- Title: JAPAN: THE WORLD'S FIRST IRIS-SCANNING ATM IS INSTALLED IN TOKYO.
- Date: 1st September 1999
- Summary: TOKYO, JAPAN (AUGUST 31, 1999) (REUTERS) GV/CU: EXTERIOR OF TAKEFUJI CORP'S "YEN SHOP" (2 SHOTS) MV: INTERIOR OF CONSUMER LOAN COMPANY AND MAN ENTERING TO REGISTER SV/MV/CU: MAN STARING AT THE CAMERA/ IRIS SCAN ON COMPUTER MONITOR (5 SHOTS) CU: (SOUNDBITE) (Japanese) KENICHI NAGASHIMA SAYING: "Recently there's been an increase in the use of stolen and fraudulent cards, We, at Takefuji, installed these machines in order to prevent (such scams) and make ATMs more user-friendly" SCU: MAN STARES AT SCANNING CAMERAS MV: CLOSE UP OF BLINKING LIGHTS AS SCAN PROCESSES EYE CU/SV: TEN THOUSAND YEN NOTES (APPROXIMATELY 100 U.S. DOLLARS) COMING OUT OF MACHINE (2 SHOTS)
- Embargoed: 16th September 1999 13:00
- Location: TOKYO, JAPAN
- Country: Japan
- Topics: General,Economy,Technology
- Reuters ID: LVA67BMSJTFHIRO9ZKFIUWATI3V0
- Aspect Ratio:
- Story Text: Beauty may be in the eye of the beholder but in Japan it may also hold the key to one's bank account.
A Japanese financial institution has become the first in the world to install iris-scanning automatic teller machines (ATMs).
Takefuji Corp, a consumer loan company, has become the first commercial institution in the world to install iris scans as a means to check a person's identity so now, that glint in your eye may now have the colour of money.
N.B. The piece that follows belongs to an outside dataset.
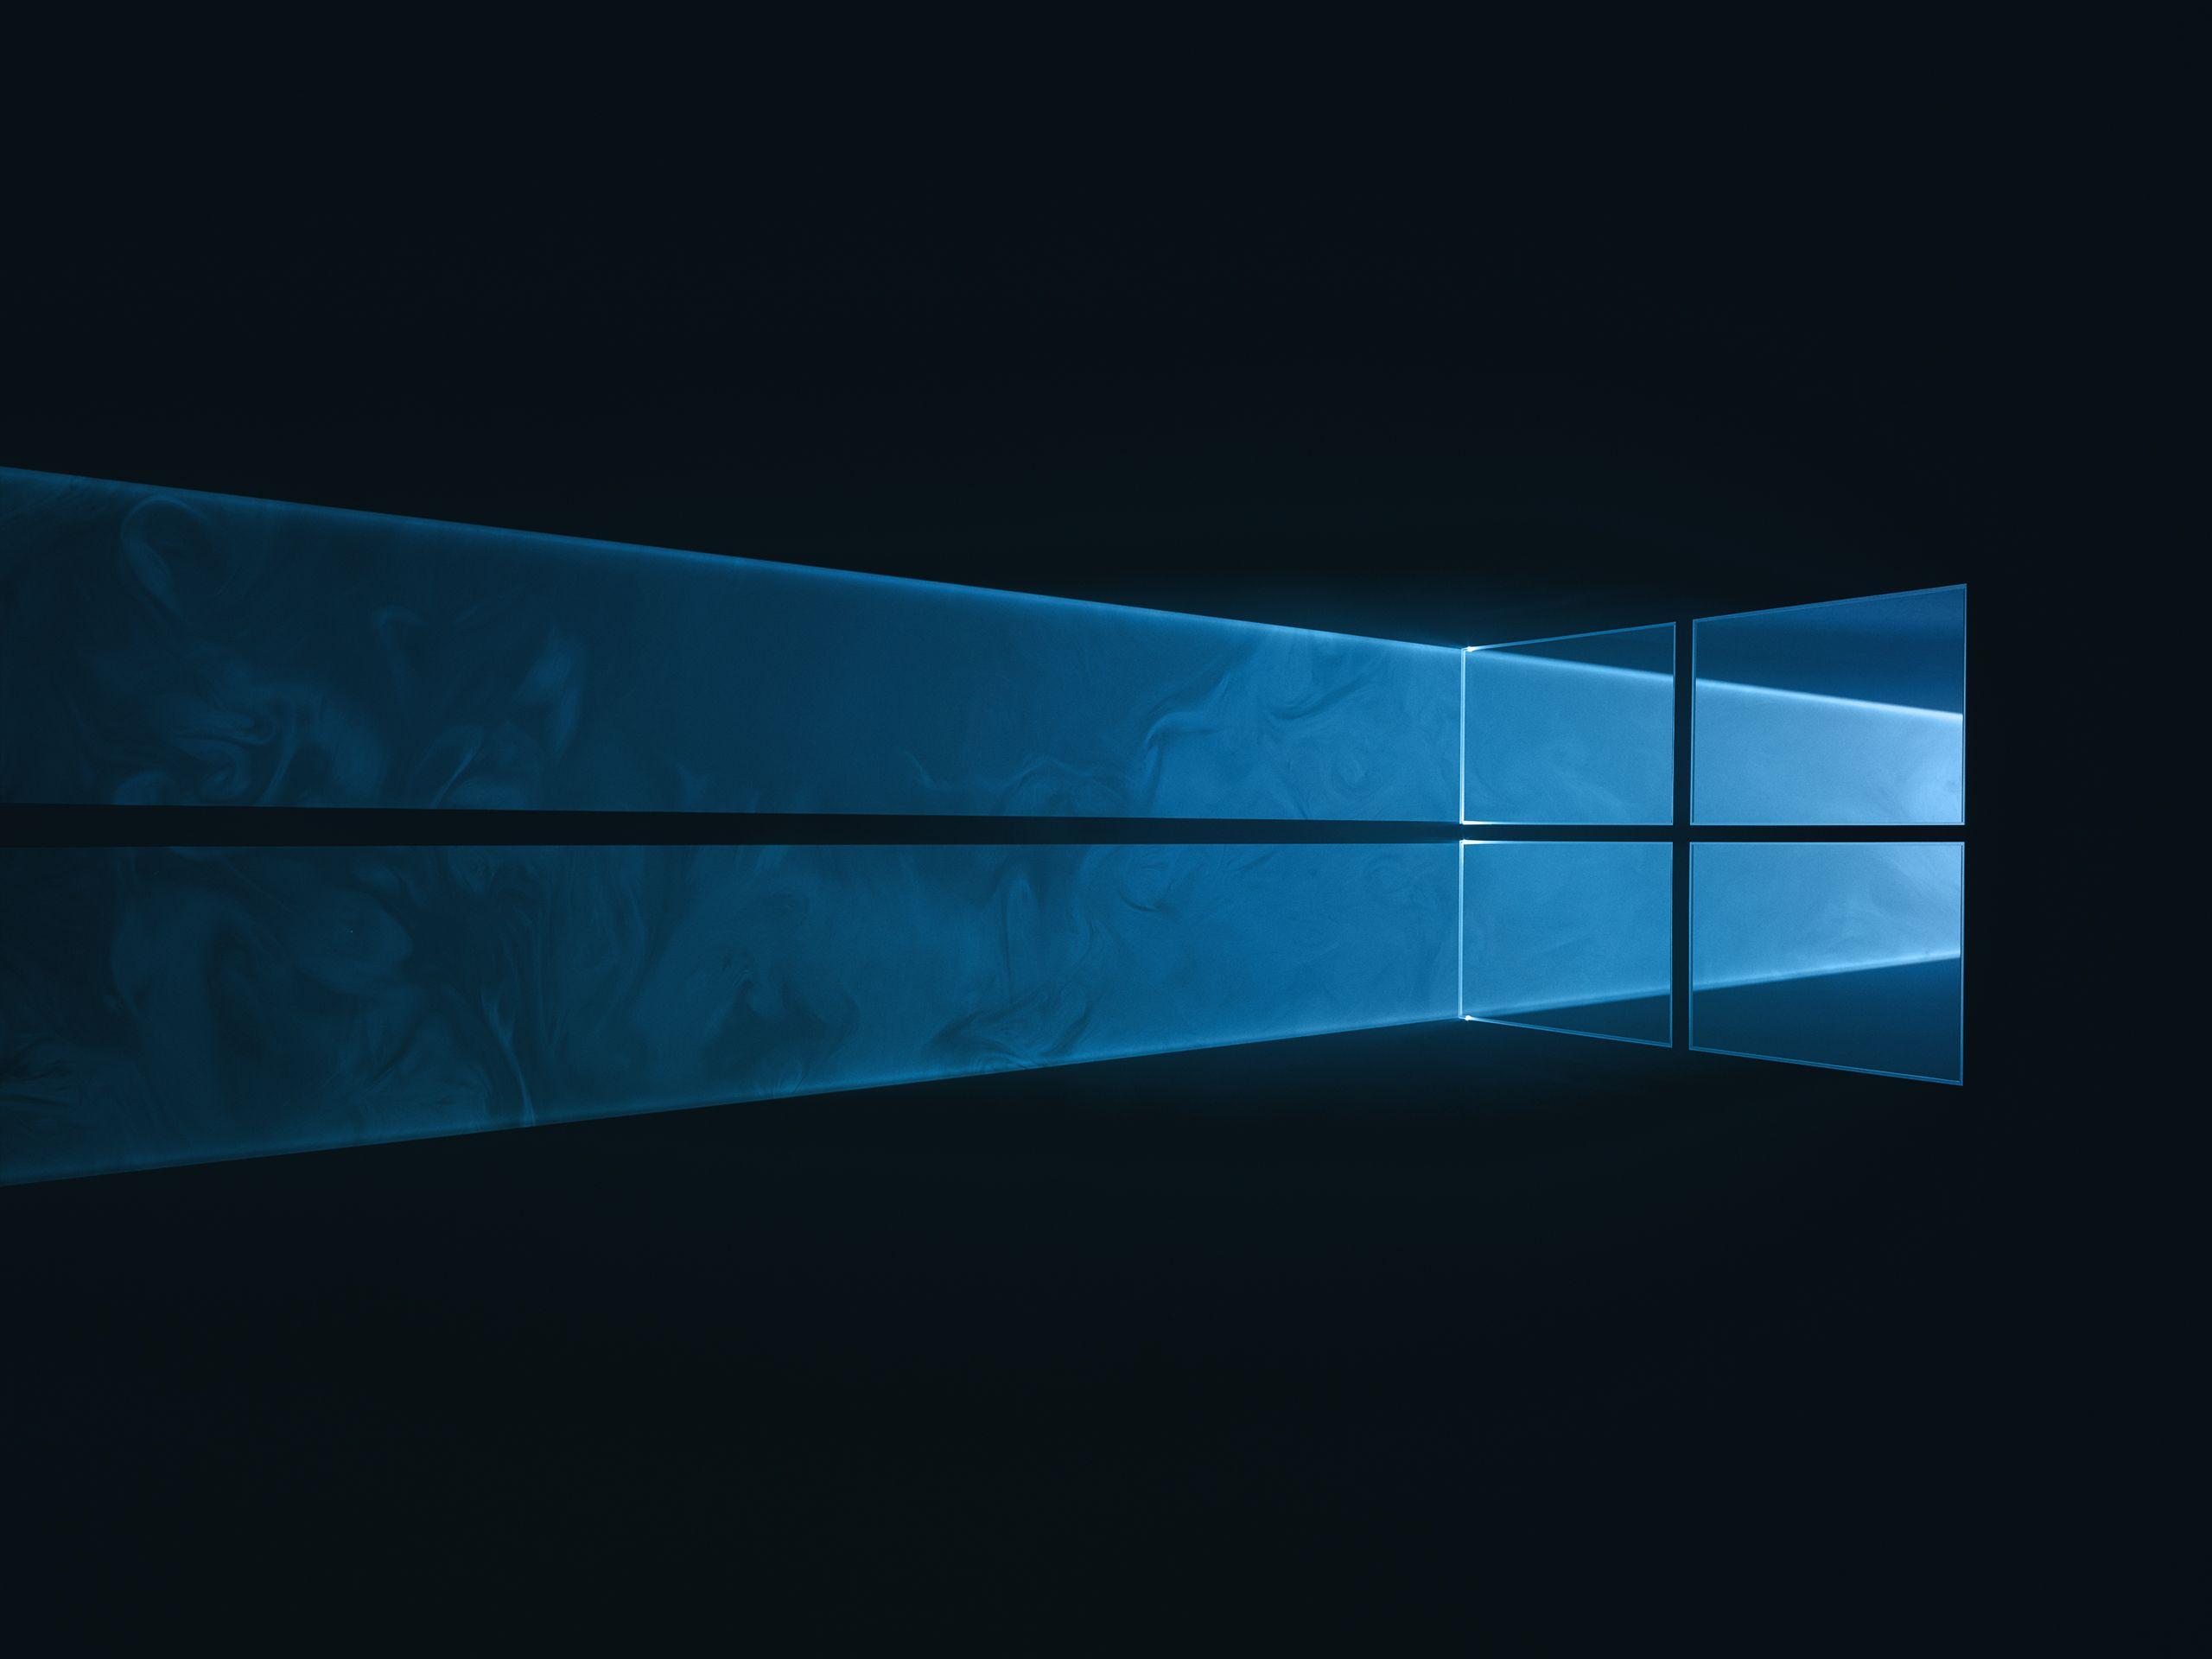 Windows 10 Dark Wallpapers - Top Free Windows 10 Dark Backgrounds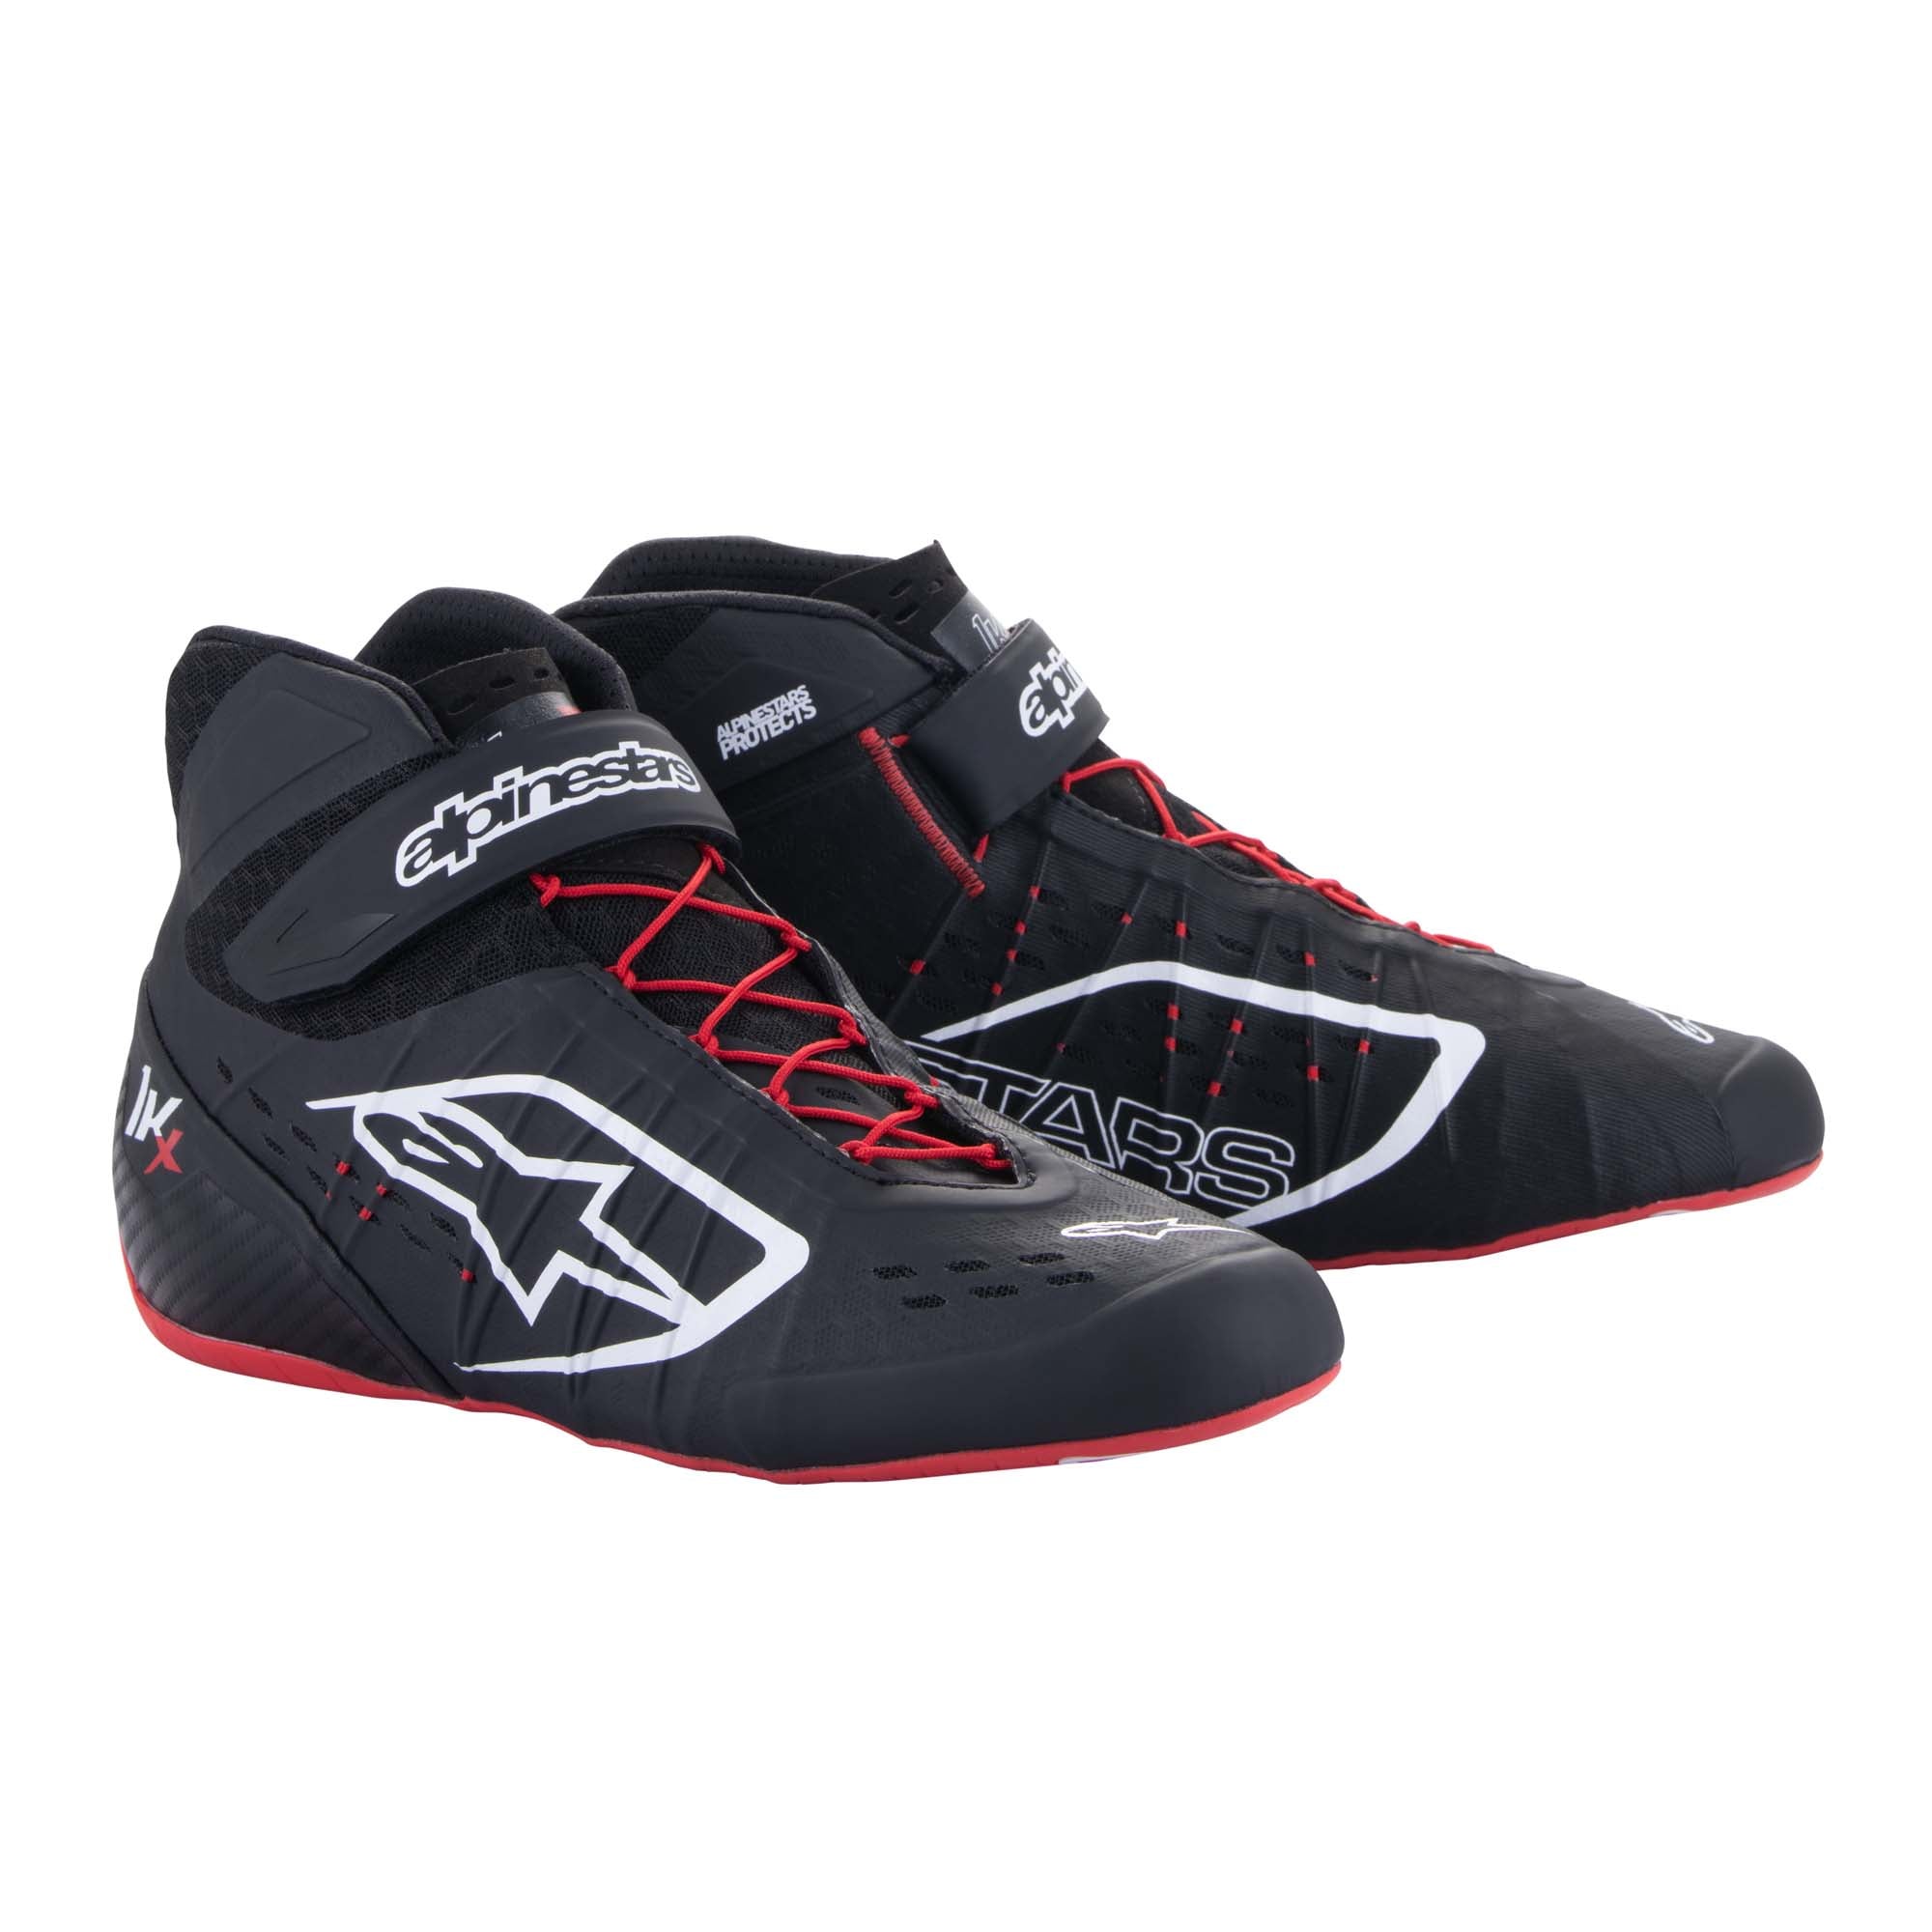 Alpinestars Tech 1-KX v2 Karting Shoes - Youth Sizes

Forget access codes, forget high-tech chip cards -- to get the latest loan in Japan all you have to do is stare at the automatic teller machine (ATM).
The process is simple.At the shop counter,you register a snapshot of your eye, which is promptly recorded into the computer's database.Once that's done, type in your birth date at the cash dispenser and look into the scanning cameras.It takes only two seconds for the computer to check your iris and in a blink of an eyelid, your cash is ready.
The technology, called iris-based biometrics identification, actually originated from the U.S.however in 1995, Oki Electric Industry bought the rights, and first put it to use during the Nagano Winters Olympics of 1998 as part of the game's security measures.
The iris is aptly suited for such use as no two irises are alike.In fact, this system is considered even more accurate than fingerprint or palm print technology with a potential error rate in ID checks estimated at one in 10 billion.
"We, at Takefuji, installed these machines in order to prevent (frauds and scams) and to make ATMs more user-friendly," said Takefuji's Kenichi Nagashima.
Takefuji Corp is now looking at expansion.It has installed six iris scan machines in major cities nationwide and plans for it to eventually replace all its ATMs.